Another concern with the results of regression specification (2) is
endogeneity: Since stock and options are risky assets, CEOs receiving
their compensation in the form of grants (as opposed to salary or other
less risky instruments, such as bonuses) may need to be compensated for
their risk aversion with higher levels of pay. See Hall and Murphy
(2002) for a formal explanation and quantification of the effect of risk
aversion on the value of grants to executives, and the comparison of
that value to the cost for the firm.
Total compensation is indeed a significant variable according to
the results of the multinomial logit. Also, the pseudo-[R.sup.2] doubles
with respect to specification (1).
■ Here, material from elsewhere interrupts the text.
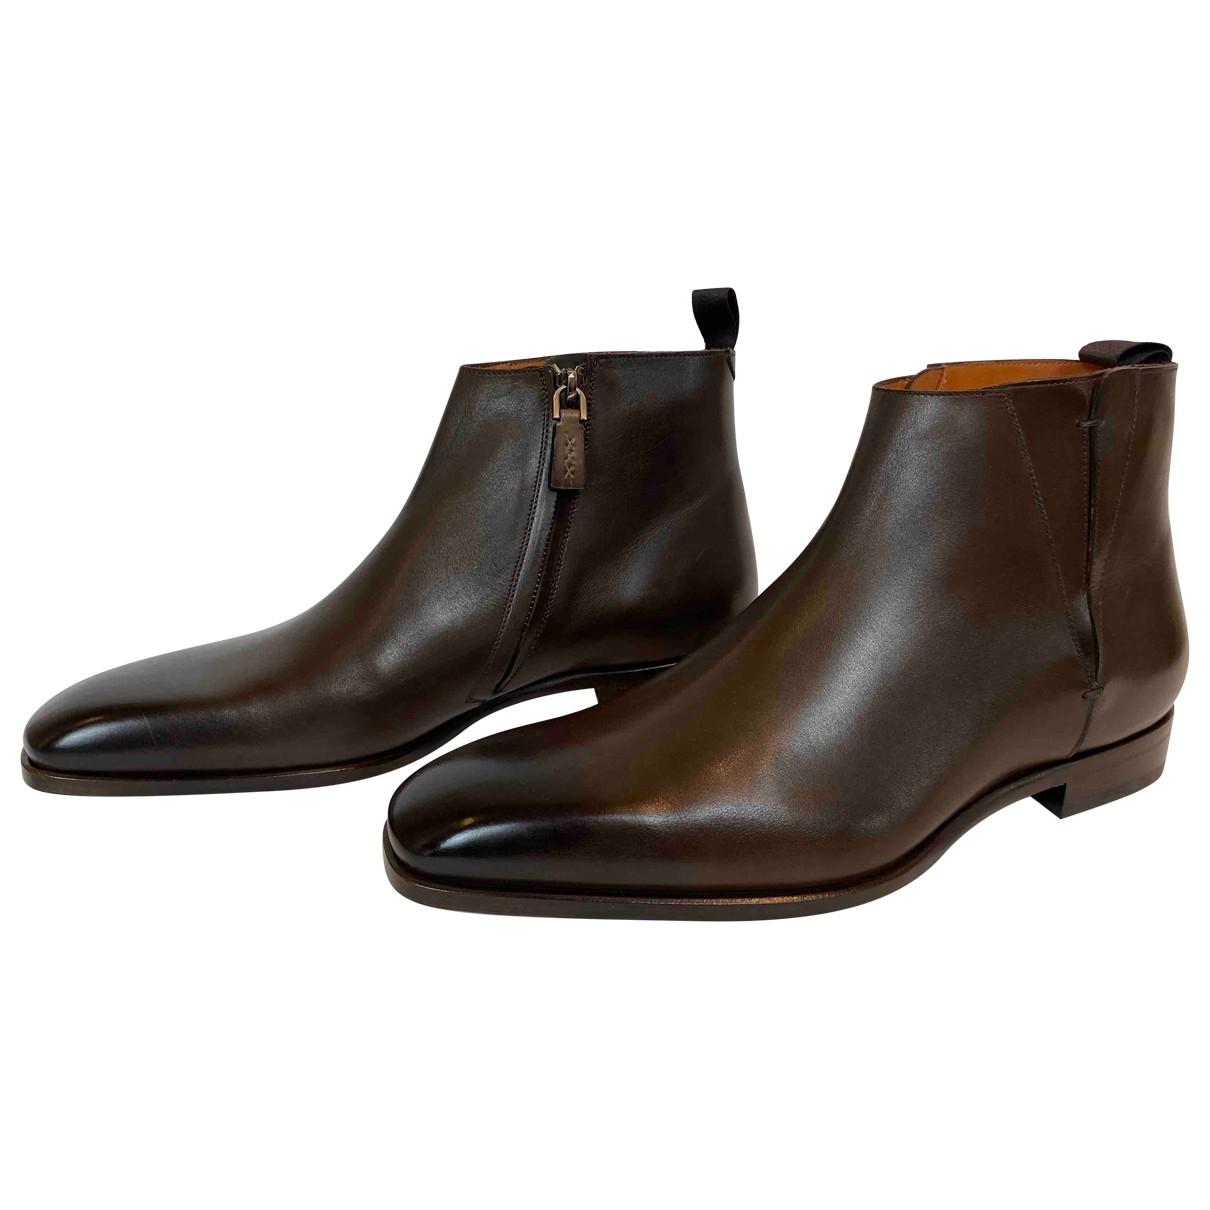 Ermenegildo Zegna N Brown Leather Boots for Men 9 UK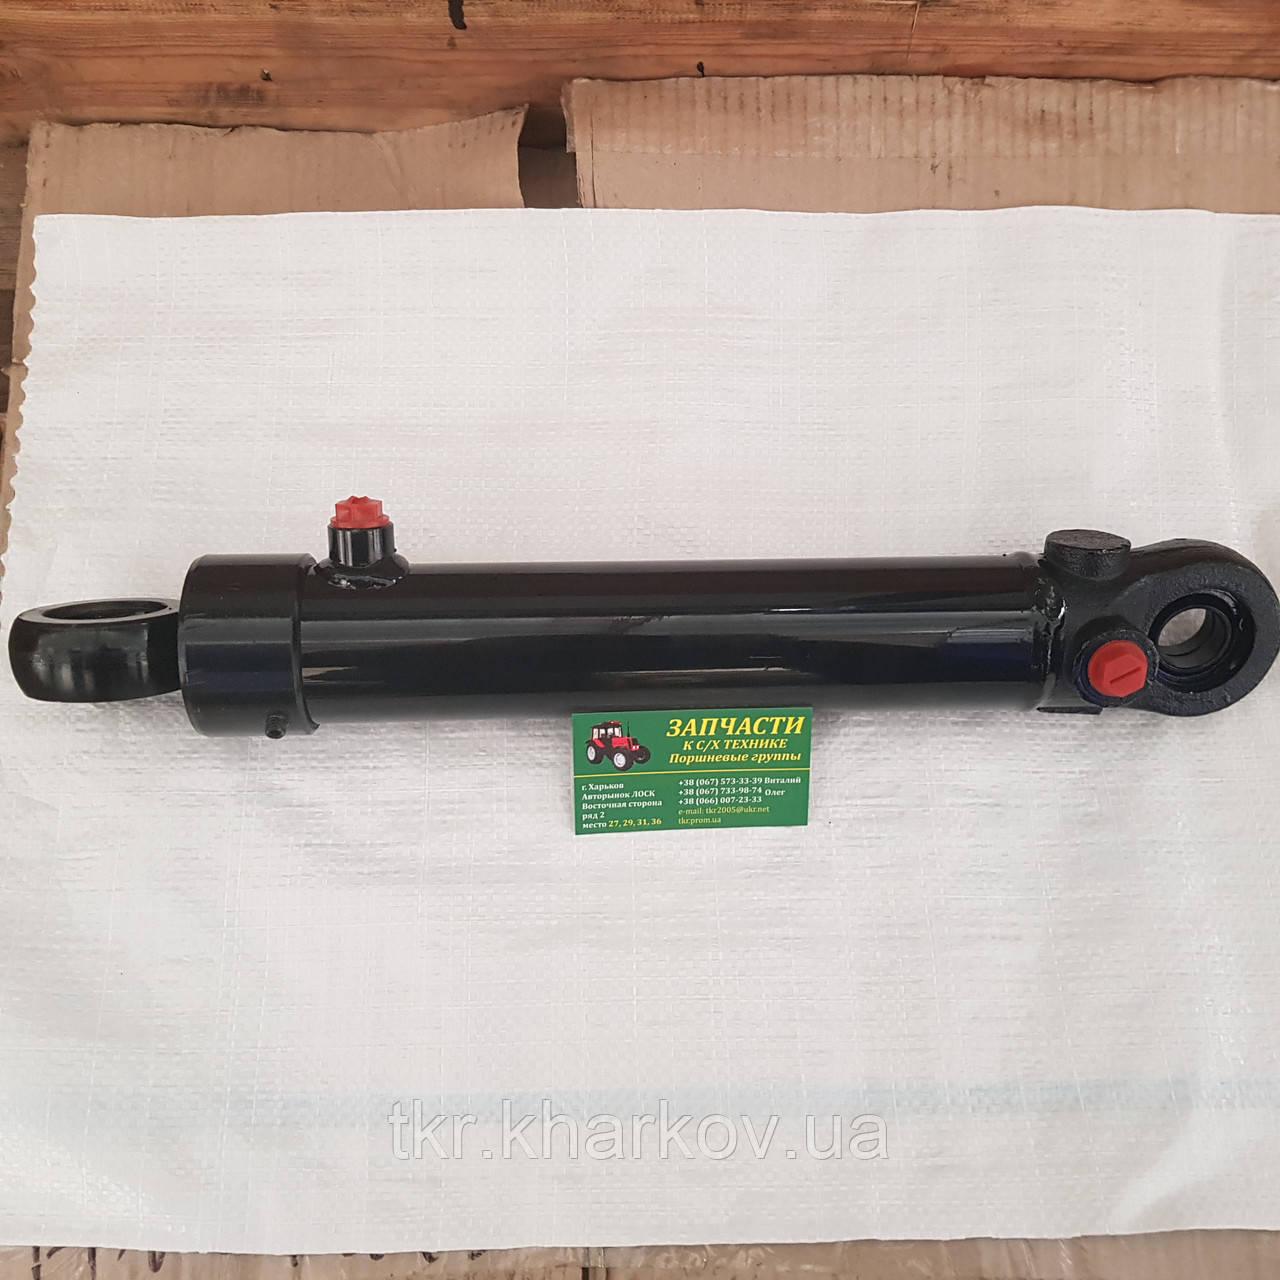 Гидроцилиндр рулевой МТЗ,ЮМЗ, Ц50-3405215А (без пальцев) МТЗ-80, МТЗ-82

We find that a marginal increase in
the level of pay leaves the probability of using stock almost unchanged,
while it increases the one for choosing 0 by 10 percent and of B by 12
percent; it decreases the probability of using N by 23 percent.
The effects of size change significantly in specification (2). An
increase in size now has a small but significant positive effect on the
probability of S. The effects on 0 remain negative but increase
significantly in magnitude. Moreover, the positive relation between size
and choosing B becomes negligible (and insignificant) when controlling
for the level of pay. Finally, the negative effect of size on the
probability of choosing N changes to positive when controlling for the
level of pay, suggesting that if a given firm is granting a relatively
high level of total compensation, the fact that it is a larger firm
actually makes it less likely to include stock or options in its
compensation package.
We can also consider the changes in the marginal effects of the
rest of the regressors with respect to those reported in specification
(1). As for the period variable, the new model has similar implications
both for period II and III when it regards the choice of S. However, the
negative effect on the probability of choosing 0 is even stronger, while
that of choosing B is still positive but weaker. The effect on choosing
N changes sign in both periods with respect to specification (1):
Although magnitudes are small, firms are more likely to choose N in
later periods than in the initial one. Note in Table 3 that there is no
clear trend of average compensation over time across groups; however,
compensation is lower in later periods for firms that include options in
their packages.
As for the industry dummy, while the results for mining and
manufacturing are very robust, for FIRE and utilities we observe some
important changes. While firms in FIRE were more likely to choose S or N
in specification (1), when including the level of total compensation as
a control they are more likely to choose S, and 0 or B are now favored
(in similar magnitudes), while N is now less likely to be chosen.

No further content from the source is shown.